10. E Riobaldo fala da vaidade




“Titão Passos era homem ponderado em simples, achou boa a minha razão. Todos acharam. Aquela munição era de ida urgente, mas também valia mais que ouro, que sangue, se carecia de todo cuidado. Fui louvado e dito valedor, certo nas idéias. Ao senhor confesso, desmedi satisfação, no ouvir aquilo – que a assoprada na vaidade é a alegria que dá chama mais depressa e mais a ar.”

Em outro trecho Guimarães Rosa escreve:
“O princípio de toda maior bobagem é um se prezar demais o próprio da própria pessoa”.

Ou, como diria o capetão mor, no final do filme “O advogado do diabo”:
- A vaidade é meu pecado predileto!

Segundo Alceu Amoroso Lima a soberba é o maior dos pecados. Ela é a a busca indevida do divino enquanto perfeito. E seria a origem de todas as outras formas de perda da humanidade de cada qual, na busca de uma onipotência divina. Esse tipo de autodivinaçao do humano seria, ainda segundo esse autor, um tipo de antropocentrismo e de negação de deus. É um pecado mascarado pelo fato de que nenhum soberbo se julga soberbo e está de certa forma em todos os pecados, de uma forma disfarçada, essa hipertrofia do amor próprio. “O homem foi feito pra amar e respeitar a si mesmo. Quando trai esse amor por uma paixao idolatra de sua própria onipotencia, ou se encobre pela falsa humildade, abre as portas pra soberba. A raiz do pecado é a ignorancia de si mesmo.” Seria ainda um pecado simpático e ridículo.

Em relação a esta questão é interessante comparar a etimologia da palavra humildade com a etimologia da palavra humano.

Humildade vem do latim humilìtas,átis , que significa de pouca elevação, de pequena estatura. Humano se origina a partir da palavra latina humánus,a,um, que indica o que é próprio do homem.

Os dois vocábulos têm em comum o prefixo HUM, do latim húmus, significa terra, solo. Humilde nesse sentido indica o que permanece na terra, não se eleva da terra, aquilo que é humilde, de baixa estatura e por isso mesmo próximo ao solo. E Humano indica por sua vez habitante da terra, por oposição primeiro aos deuses, depois aos outros seres.

É de se notar que as duas palavras, humilde e humano, têm a mesma cognação, ou seja, vem de uma mesma raiz. Isso sugere uma íntima correlação entre os termos. Poderíamos então imaginar, em virtude desta correlação, que humano e humilde são termos irmãos. E poderíamos até nos arriscar a dizer que seria próprio do humano a humildade, o saber-se próximo do chão, o saber-se finito e limitado. E por ser assim incompleto o ser humano encontra o seu próprio mistério, que é ser um ser de aprendizagem, um ser que se constitui na aprendizagem durante toda a sua vida, nunca chegando a estar pronto.

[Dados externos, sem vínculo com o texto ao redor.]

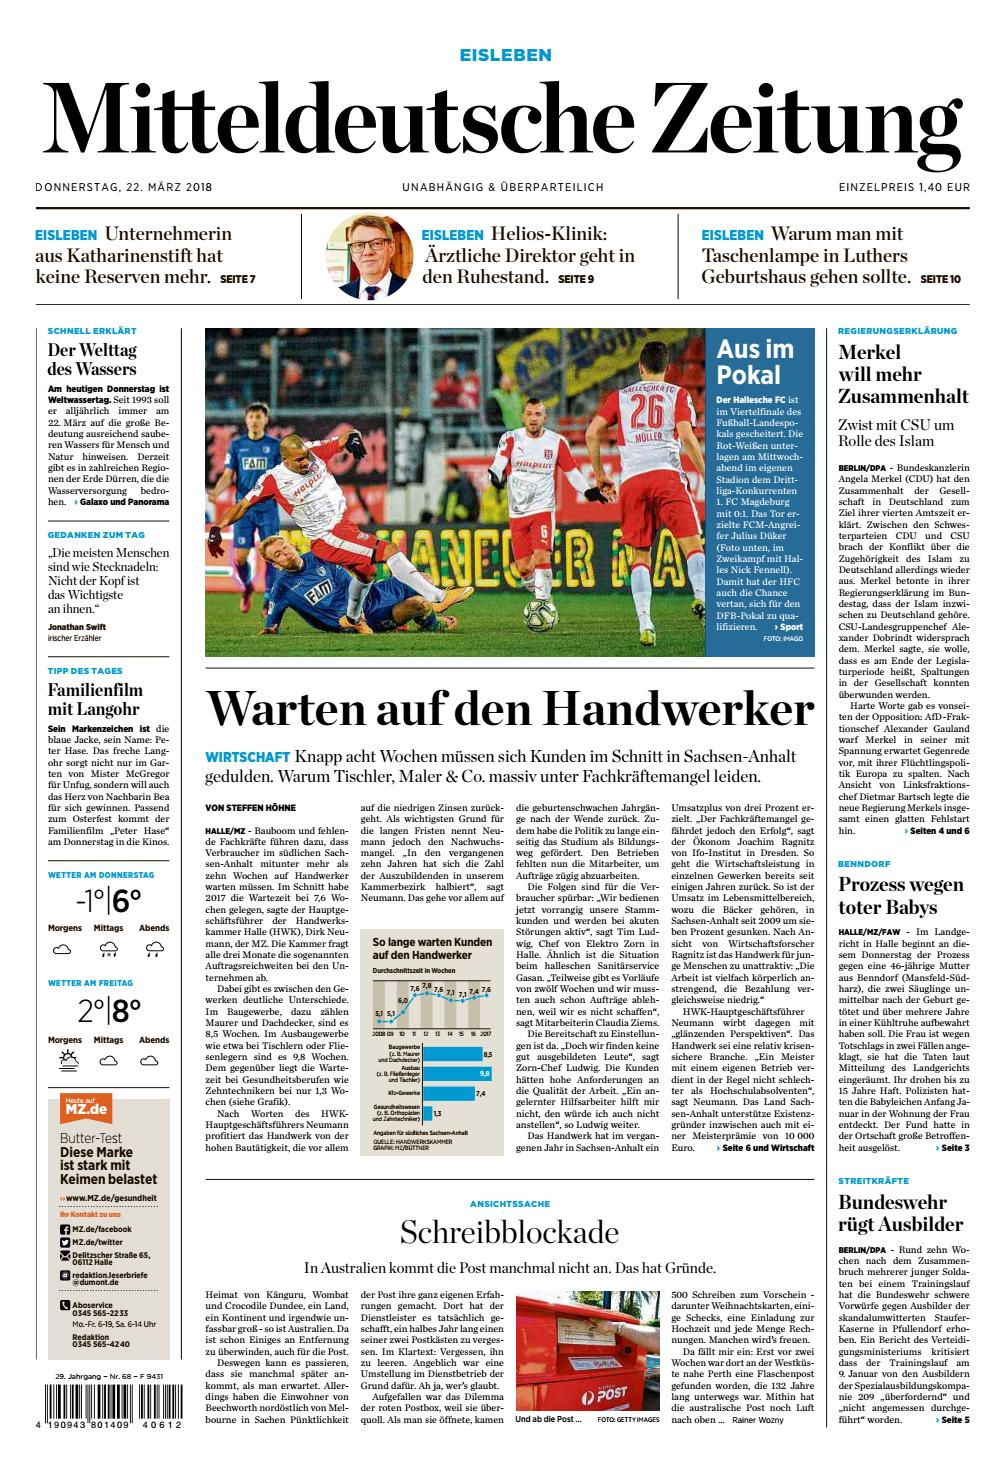 Mansfelder Zeitung Ausgabe 22.03.2018 by Mediengruppe Mitteldeutsche ...

Mas negamos essa condição de humanos aprendizes, e almejando a perfeição - perfeição esta inumana por definição - vivemos numa busca desesperada do sucesso, do não falhar, do chegar, ver e vencer absolutos. E assim vivemos prisioneiros da vaidade e da soberba, com pressa, medo e desesperança.

Qual seria a saída da vaidade e da soberba?

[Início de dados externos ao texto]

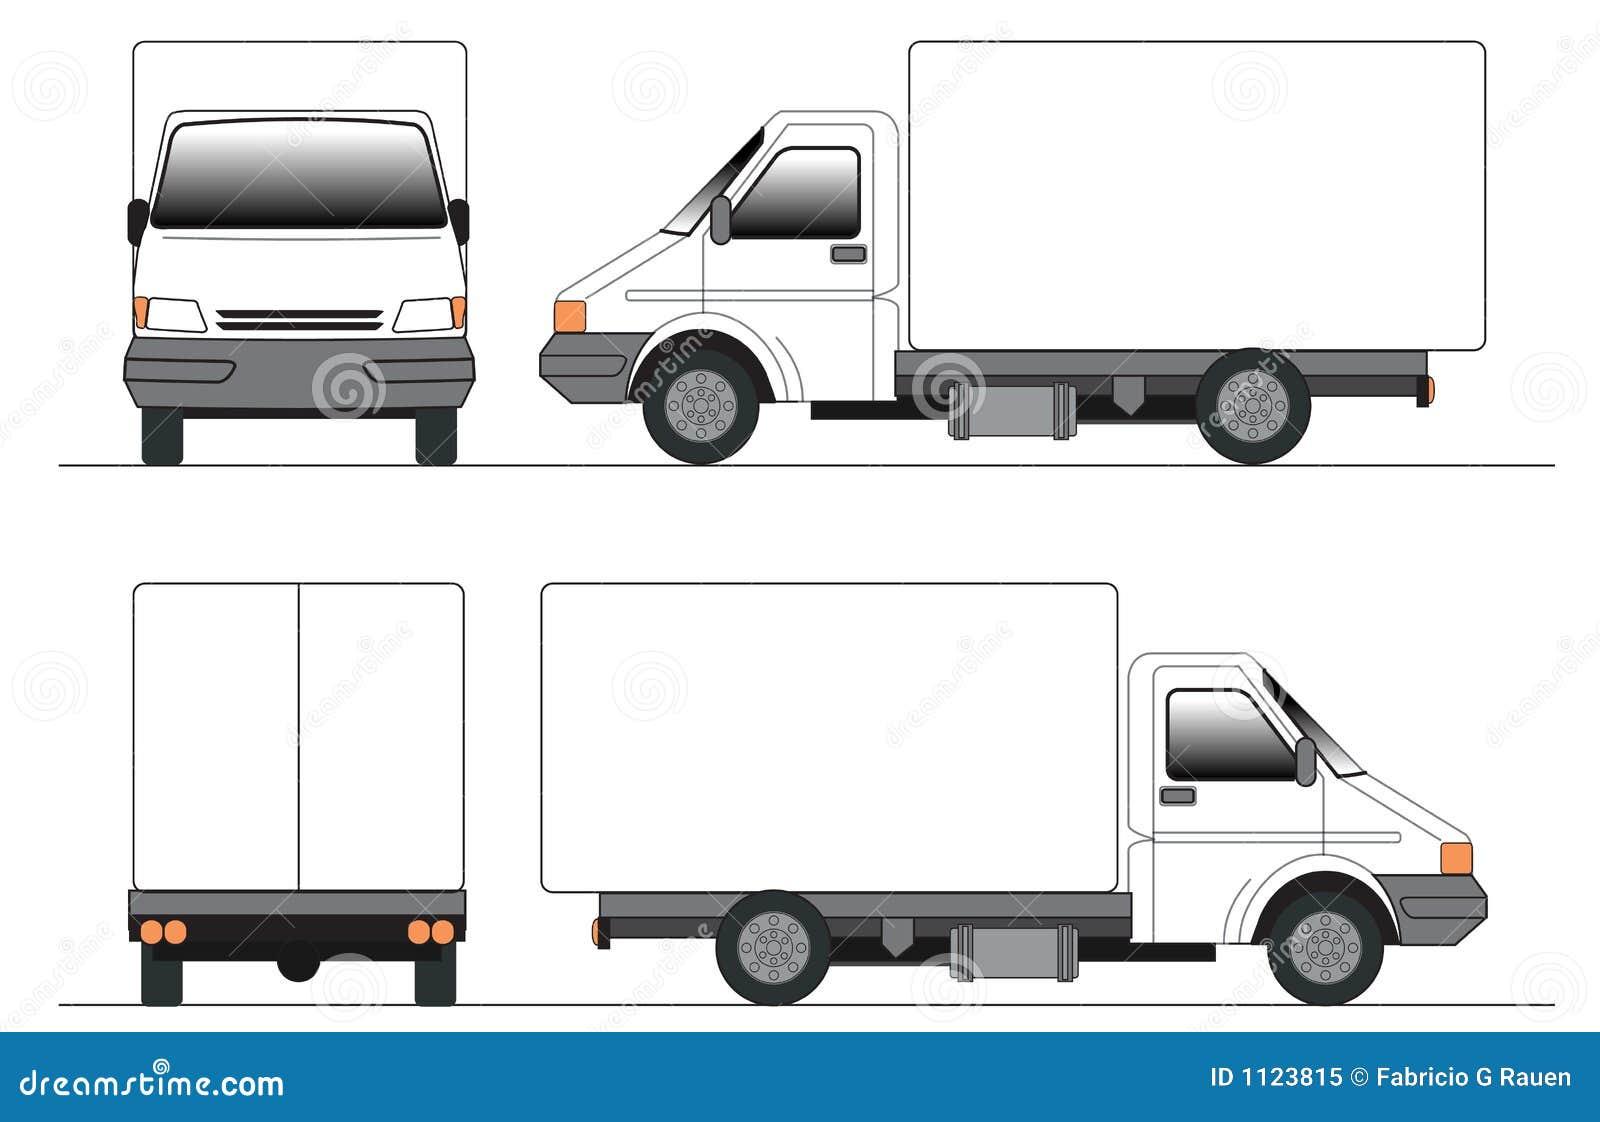 Clip-art truck

Guimarães Rosa faz uma sugestão ao dizer no seu livro “Tutaméia”, no conto “Aletria e hermenêutica” que “Se o tolo admite, seja nem que um instante, que é nele mesmo que está o que não o deixa entender, já começou a melhorar em argúcia.”

Parece sugerir assim a saída socratiana do auto-conhecimento.

Talvez uma outra forma de abordar o problema fosse reconsiderar um termo em desuso: a palavra lhaneza.

Lhaneza é a qualidade do que é lhano e afável. Indica candura, singeleza. Vem do espanhol, e junta em si os fundamentos da franqueza e da simplicidade. Lhano é aquele que é movido pela franqueza, que é franco, sincero, natural e verdadeiro. E o é de maneira simples, singela, amável e despretensiosa.

Lhano se opõe tanto ao afetado e ao fingido e rebuscado, como também ao tosco, ao presunçoso, ao ardiloso, ao vaidoso e ao soberbo.

Lhaneza seria a ponte entre a simplicidade e a verdade, entre a sinceridade e a delicadeza. Aquilo que é lhano consegue tudo dizer, com força e franqueza, sem afetação, fingimento, ardil, presunção ou rebuscamento.

Na “lhanidade” recuperamos a simplicidade e a naturalidade de uma contaminação pela infantilidade. Na “lhanidade” o ser bom nada tem a ver com o ser bobo, inocente ou pueril..

Ou, ainda retornando ao Rosa, “Falava-se de uma ternura perfeita, ainda nem existente; o bem-querer sem descrença.”